This article will introduce POE from 4 aspects: what is POE; why PoE is needed; how POE works; and non-standard implementation of POE.

What is POE?

POE, Power over Ethernet, refers to the transmission of power over Ethernet. It is a technology that allows power to be supplied to remote devices through Ethernet network cables while providing data transmission capabilities. Traditionally, devices required separate power lines, but with POE technology, power and data transmission can occur simultaneously through the network cable, greatly simplifying the complexity of power wiring and device deployment.

POE technology is typically used in devices that need to receive power from central network equipment, such as switches. Examples include IP cameras, VoIP phones, network cameras, LED lighting fixtures, and other network devices.

To standardize and promote the development of Power over Ethernet (PoE) technology, addressing compatibility issues between different manufacturers' power supply and powered devices, the IEEE Standards Committee has successively released three PoE standards: IEEE 802.3af, IEEE 802.3at, and IEEE 802.3bt.
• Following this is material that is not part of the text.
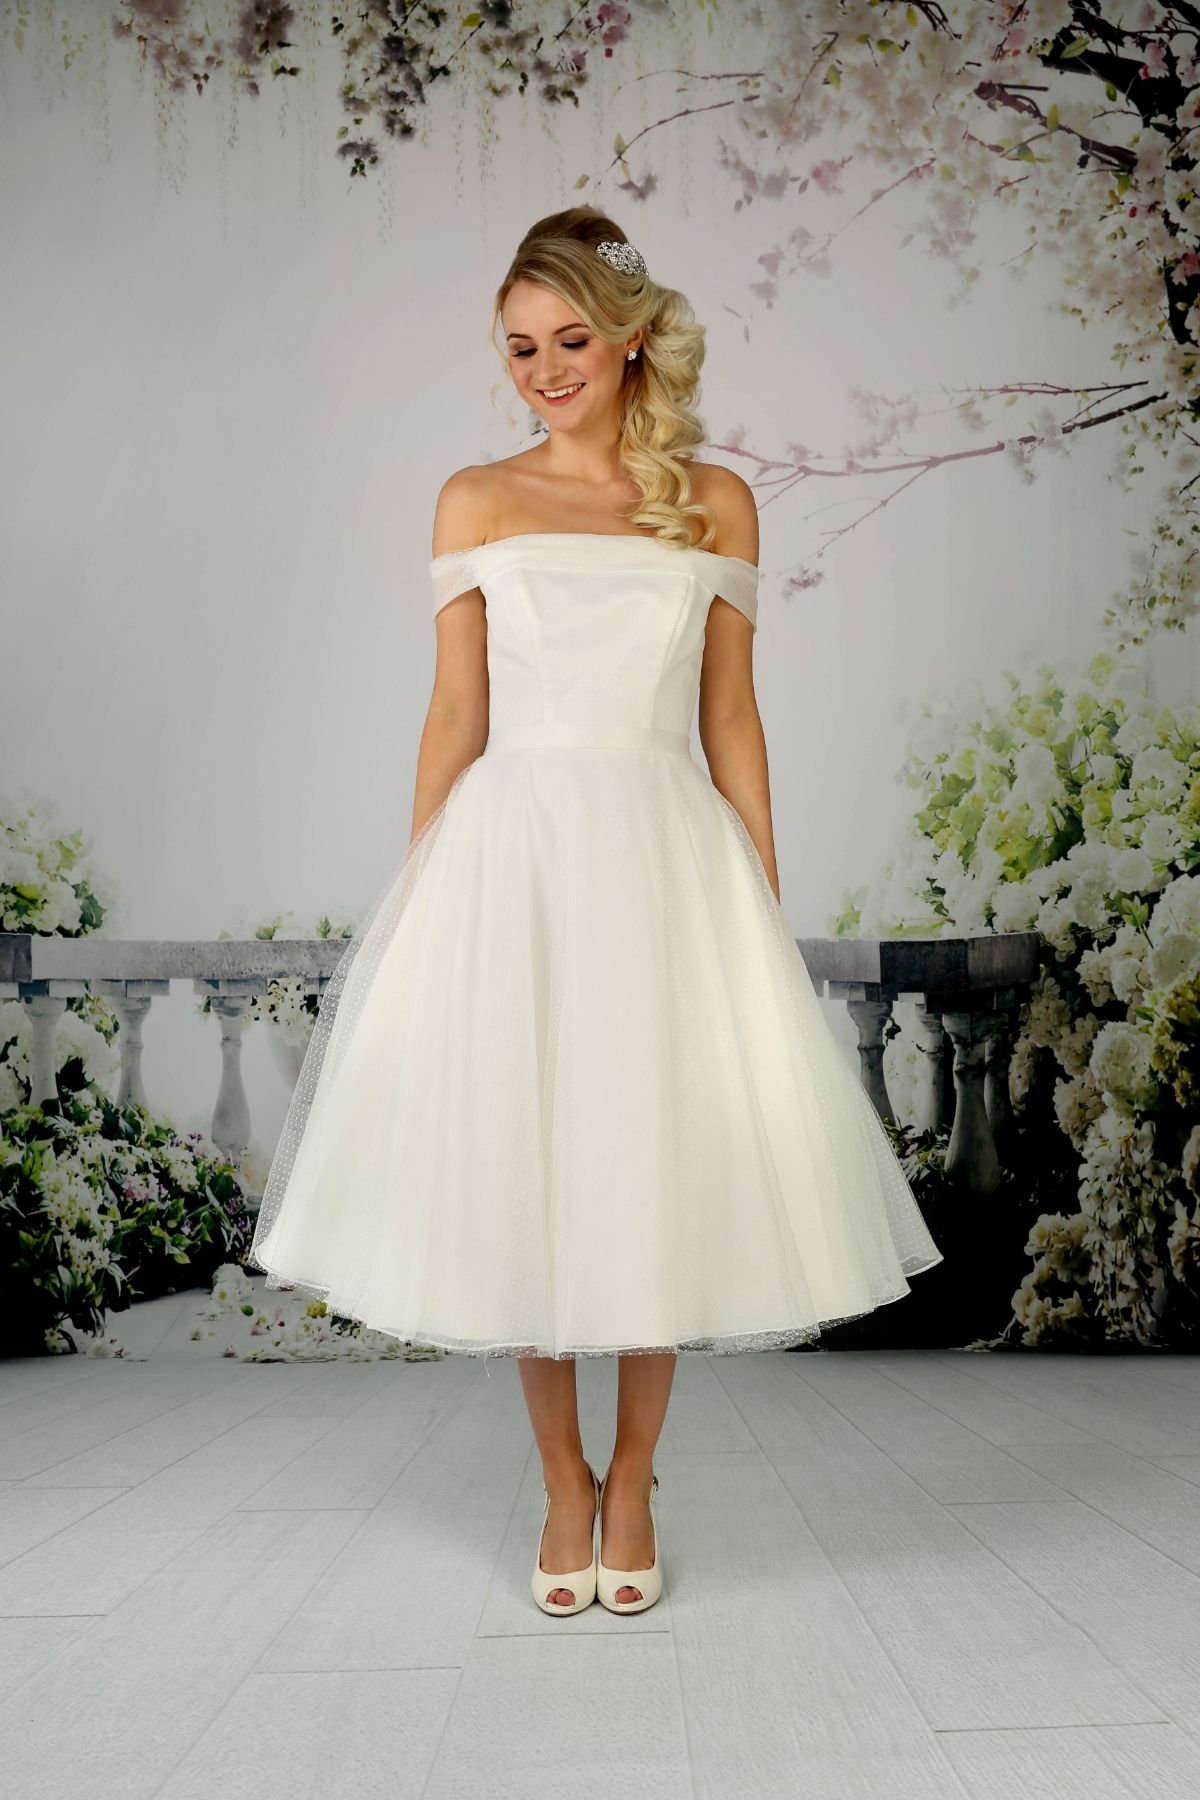 Best Dress 2 Impress Bridal-Image-5

The initial PoE standard was IEEE 802.3af, capable of providing a maximum of 15.4W of direct current power per interface. However, due to cable transmission losses, the actual powered devices could only receive up to 12.95W of power. The subsequent upgraded standard was IEEE 802.3at (also known as PoE+), providing a maximum power of 25.5W for Type 2 devices.

The standard released in 2018, IEEE 802.3bt (also known as PoE++ or 4PPoE), expanded the capabilities of 802.3at, offering two different power types: a maximum of 51W for Type 3 devices and a maximum of 71.3W for Type 4 devices. Each pair of twisted-pair cables can provide a maximum current of 600mA (Type 3) or 960mA (Type 4). Additionally, this standard supports power supply for 2.5GBASE-T, 5GBASE-T, and 10GBASE-T, providing a broader range of applications for high-performance wireless access points and surveillance cameras.

Why is POE needed?

With the widespread use of IP phones, network video surveillance, and wireless Ethernet devices, there is an urgent need to address power supply issues during the deployment of these devices. In many cases, these devices require direct current (DC) power and are often installed at elevated locations, such as ceilings or outdoors, where finding suitable power outlets nearby can be challenging. Even if outlets are available, it might be difficult to place the required AC/DC converters for the terminal devices.

In large local area networks, administrators need to manage multiple terminal devices simultaneously. However, traditional power supply methods, constrained by the location of power outlets, create significant inconvenience for power management. The advent of POE technology effectively addresses these issues by providing both data transmission and power support through a single Ethernet cable, simplifying the wiring and power supply process for devices.

POE technology is a wired Ethernet power supply technology that uses Ethernet cables to simultaneously transmit data and direct current, solving the centralized power supply challenges for terminal devices such as IP phones, wireless access points, portable device chargers, card readers, cameras, and data collection equipment. This technology is characterized by its strong reliability, simple connectivity, and standardized uniformity. Terminal devices do not require external power supplies, reducing dependence on power lines and outlets while cutting construction and maintenance costs. This flexible, economical, and straightforward power supply method offers an ideal solution for various devices in modern network applications.

Advantages of POE:

Simplified Wiring: POE provides data transmission and power supply through a single Ethernet cable, reducing the complexity of device wiring, making installations more flexible, and lowering the difficulty of maintenance and management.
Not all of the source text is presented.